Mas, Nicanor não está bem, emocionalmente. Vem escutando vozes estranhas, não aquelas dos deputados, vez por outra recheadas de impropriedades, mas vozes guturais, coisa do outro mundo. Quando faz “serão”, em trabalho noturno eventual, escuta barulhos estranhos nos corredores da Câmara, principalmente nas proximidades do “Túnel do Tempo”, o corredor que liga o edifício principal do Congresso ao Anexo II do Senado Federal.
Nicanor é médium vidente e intuitivo, porque além de ver espíritos e cenas do outro mundo recebe informações do além-túmulo. No Túnel do Tempo já viu muita gente ir e não voltar, e outros tantos que retornaram sem nunca ter ido. Segundo ele, o Túnel é um misto de vivos, mortos e mortos-vivos que perderam a eleição e ficam postados cumprimentando as pessoas com exagero e fazendo pose de autoridade.
Historiador amador, leitor entusiasta da história de Brasília, quase um bibliófilo, por colecionar e arquivar as memórias escritas da capital da república, Nicanor fez descobertas insólitas sobre a arquitetura do Palácio do Congresso, nome, aliás, pouco conhecido.
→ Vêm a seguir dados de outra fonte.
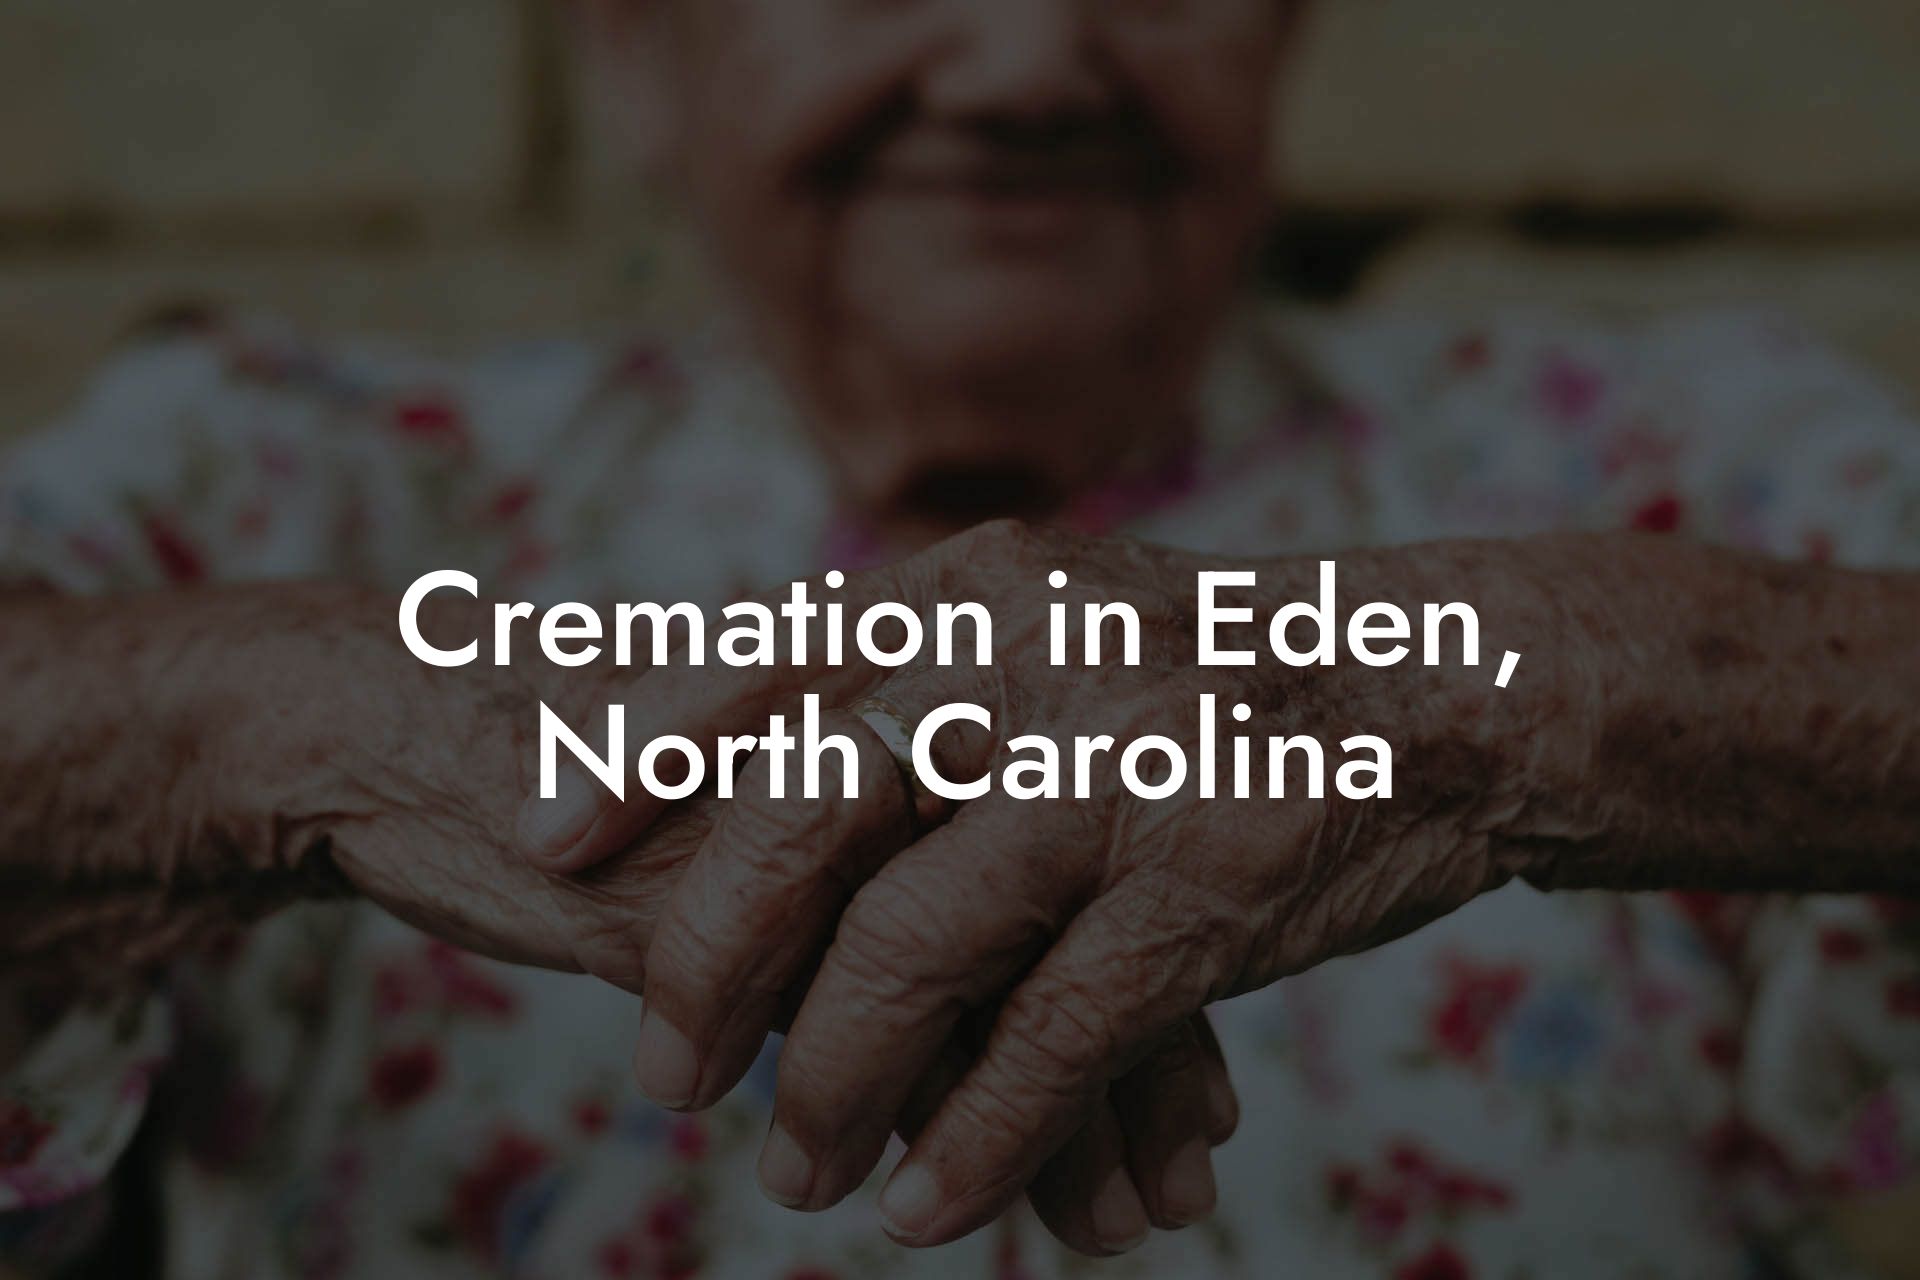 Cremation in Eden, North Carolina

Segundo ele, as cúpulas hemisféricas, uma voltada para cima e a outra para baixo, têm significado místico e de elevada significância espiritual.
A cúpula côncava, voltada para baixo, está acima do plenário do Senado Federal, e a cúpula convexa, voltada para cima, se sobrepõe ao Plenário da Câmara dos Deputados.
E as torres gêmeas, duas torres de 28 andares, construídas em meio às cúpulas e sobre imensa plataforma de concreto armado, deixam por entre elas passar a luz do crepúsculo, que faz parte de limpeza e assepsia místico-esotérica.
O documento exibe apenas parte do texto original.